Delivering OVs into CRC tumors is challenging since CRC tumors are developed and heterogeneous. Although the concept of systemic delivery of OVs is thought-provoking due to its capability to target disseminated metastases, the approach is also faced with challenges such as the short biological half-life OVs in the circulatory system and the poor ability to target as well as sediment at the tumor site, thereby reducing the possibility of delivering OVs to the metastatic deposits. Intratumoral delivery, while less versatile as it is restricted to accessible tumors, can garner higher viral shed-load and produce vigorous local antitumor effects (42). Furthermore, other factors, such as the secretion of stromal cell-derived factor-1, can also worsen the mobilization nadir as well as greatly enhance the number of circulating progenitor cells, but the responses are typically relatively weak at untreated distal sites (202).

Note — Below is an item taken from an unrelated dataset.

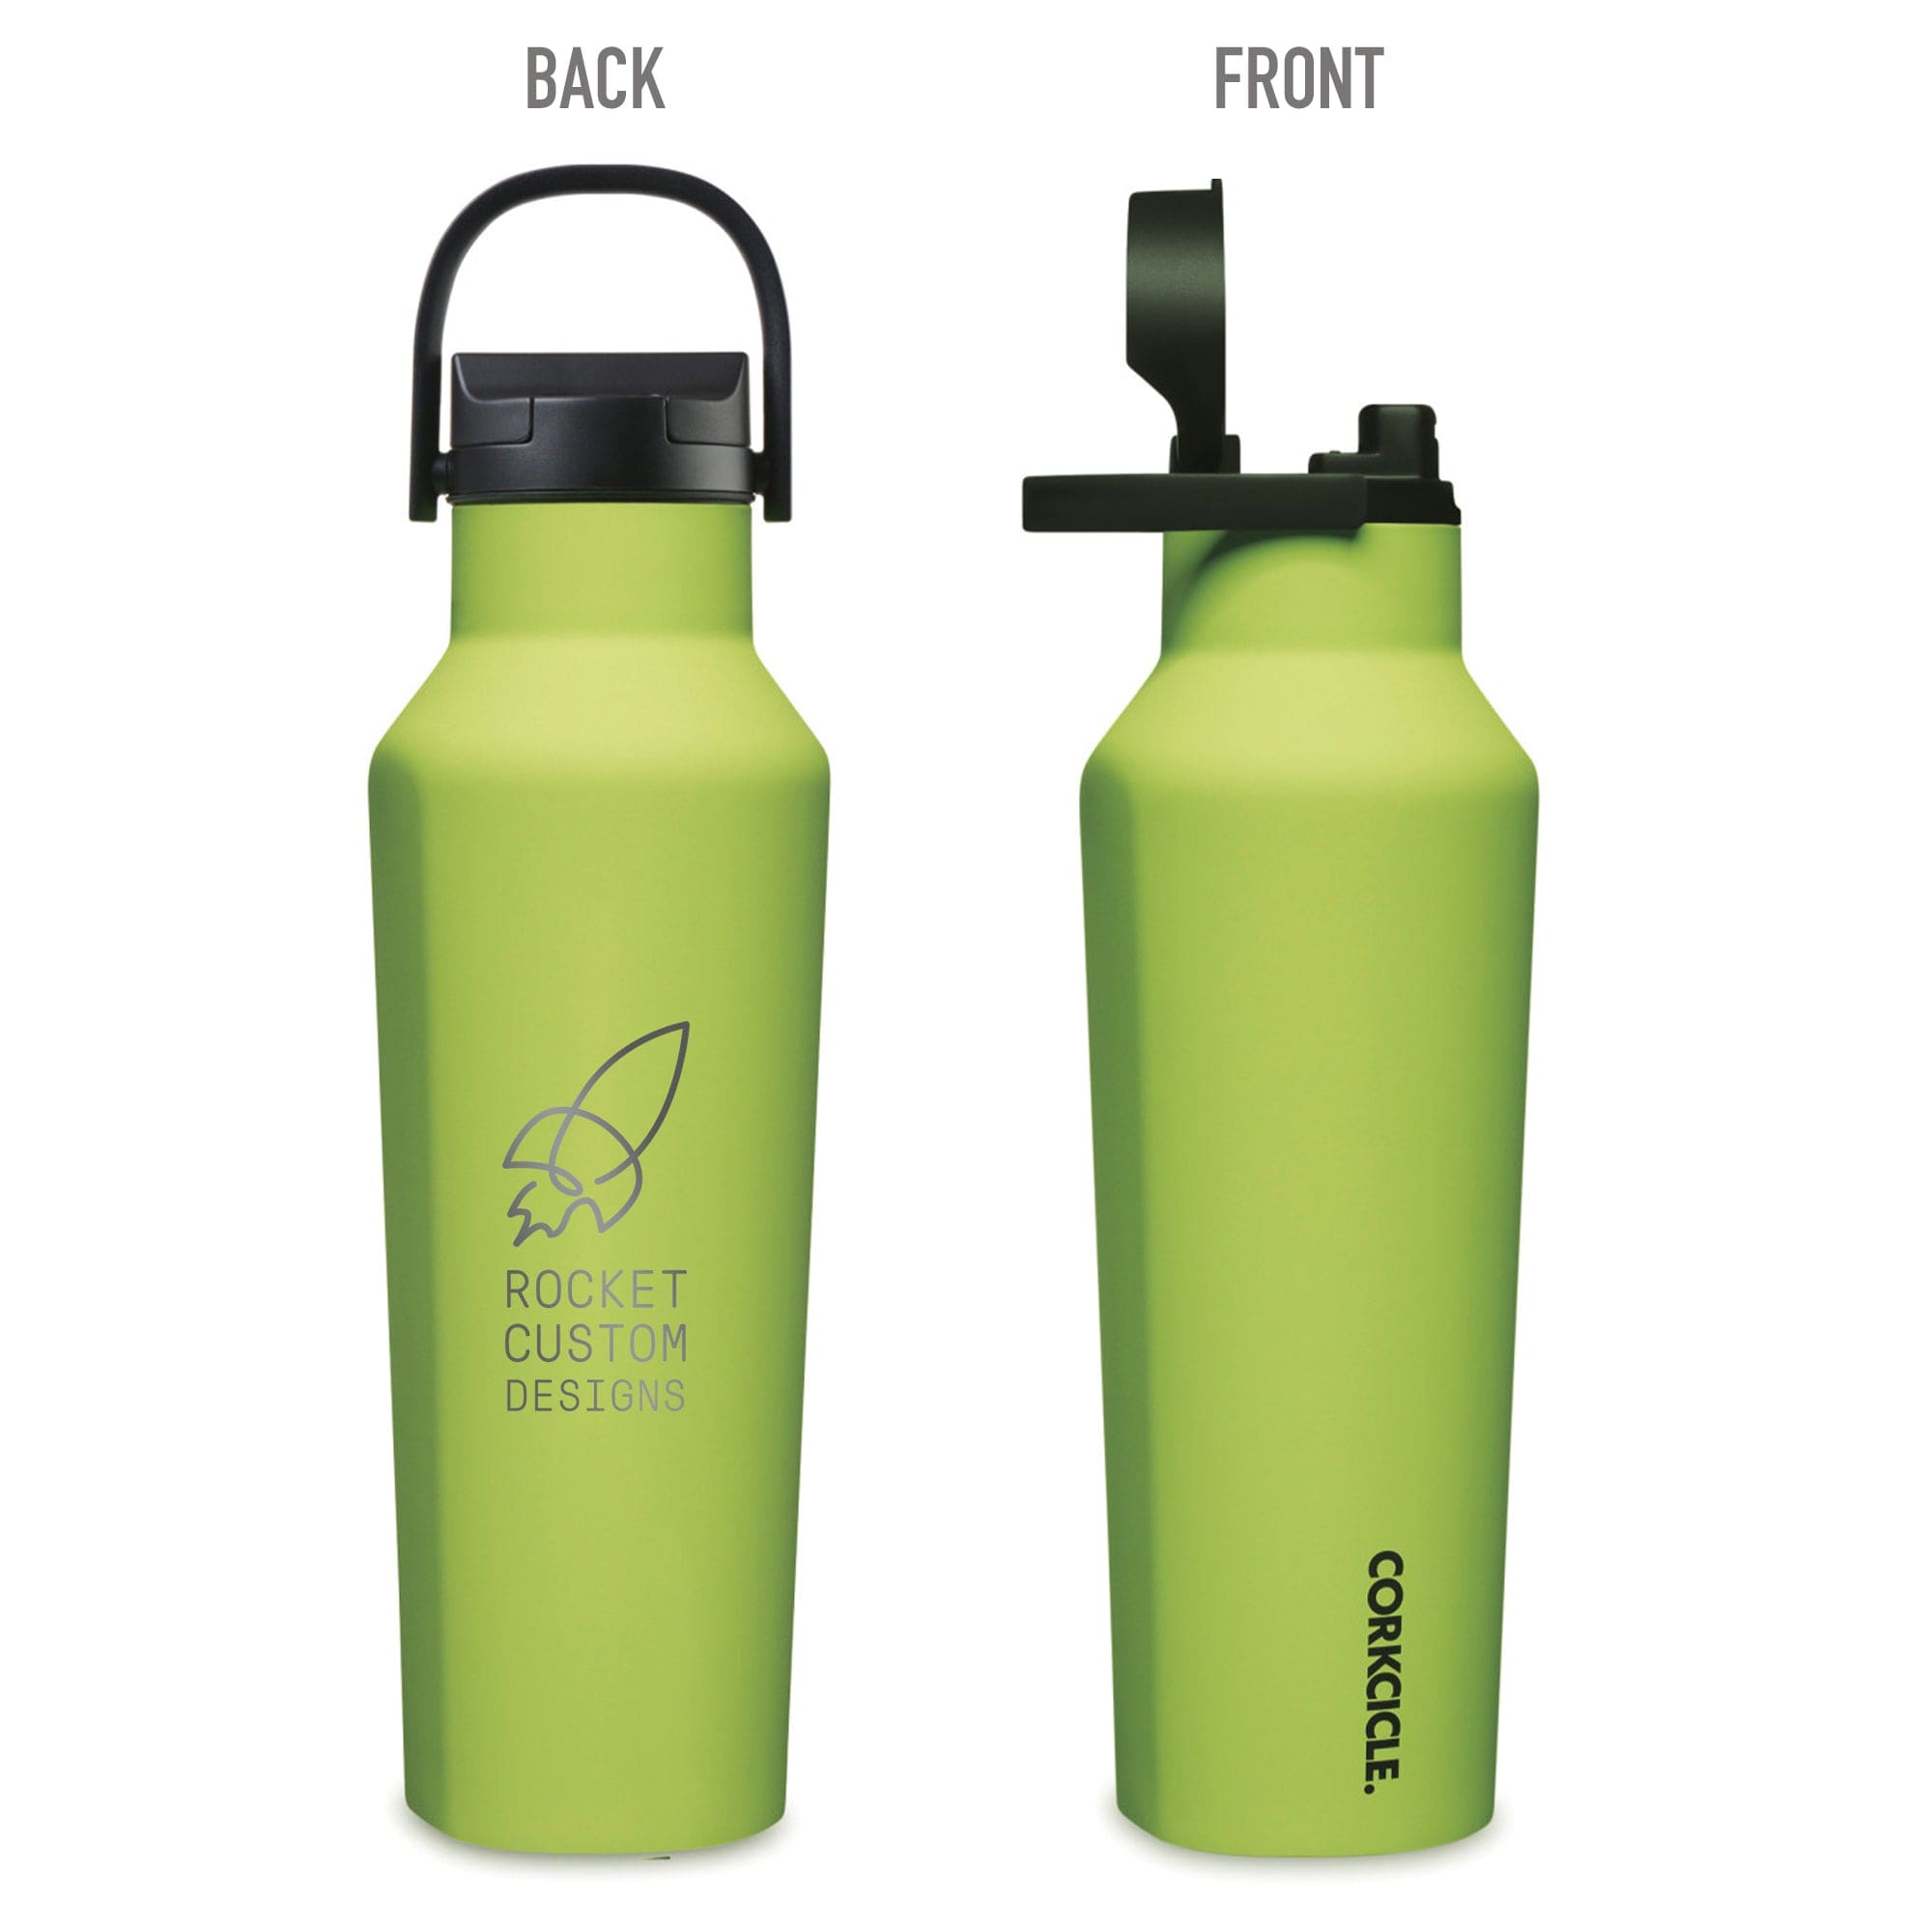 Corkcicle Cold Cup 24 Oz.

To enhance the efficiency of systemic delivery, a new method involving nanoparticle encapsulation and engineered vesicles has been proposed. Nanoparticles improve the resistance, solubility, crossover ability and circulation time of OVs; in other words, they make viral vectors safer and more effective in clinical applications (203). A recent innovation in nanoparticle construction has incorporated more hierarchical structures, bio-feedback guidance components and conjugates, which make OVs reach tumor-specific locale more efficiently (204,205). For example, biomimetic nanoparticles coated by cell membranes can use immune evasion, prolonged circulation and disease-specific targeting to enhance the oncolytic effect of OVs at the tumor site (206). The systemic and intratumoral delivery methods are compared in Fig. 4.

Figure 4 Comparison of systemic and intratumoral OV delivery methods for CRC. This figure illustrates the comparison between systemic and intratumoral delivery methods for OV therapy in CRC, highlighting their respective benefits, challenges and optimization strategies. Systemic delivery involves administering viruses through the bloodstream, enabling broad distribution and convenience but facing limitations such as limited penetration and potential systemic toxicities. By contrast, intratumoral delivery entails direct injection into the tumor, offering high local viral concentration and bypassing physical barriers, though it is technically complex and mostly limited to primary tumors. To enhance efficacy, nanoparticle encapsulation techniques protect viruses from degradation, extend circulation time and improve targeting by modifying the surface with tumor-specific ligands. Additionally, engineered vesicles, such as antibody-displayed extracellular vesicles, can deliver viruses specifically to tumor cells, increasing treatment specificity through targeted binding to upregulated receptors on cancer cells. These optimizations aim to improve specificity, immune response and therapeutic efficiency in CRC treatment. This figure was created using BioRender (BioRender Inc.). CRC, colorectal cancer; OV, oncolytic virus.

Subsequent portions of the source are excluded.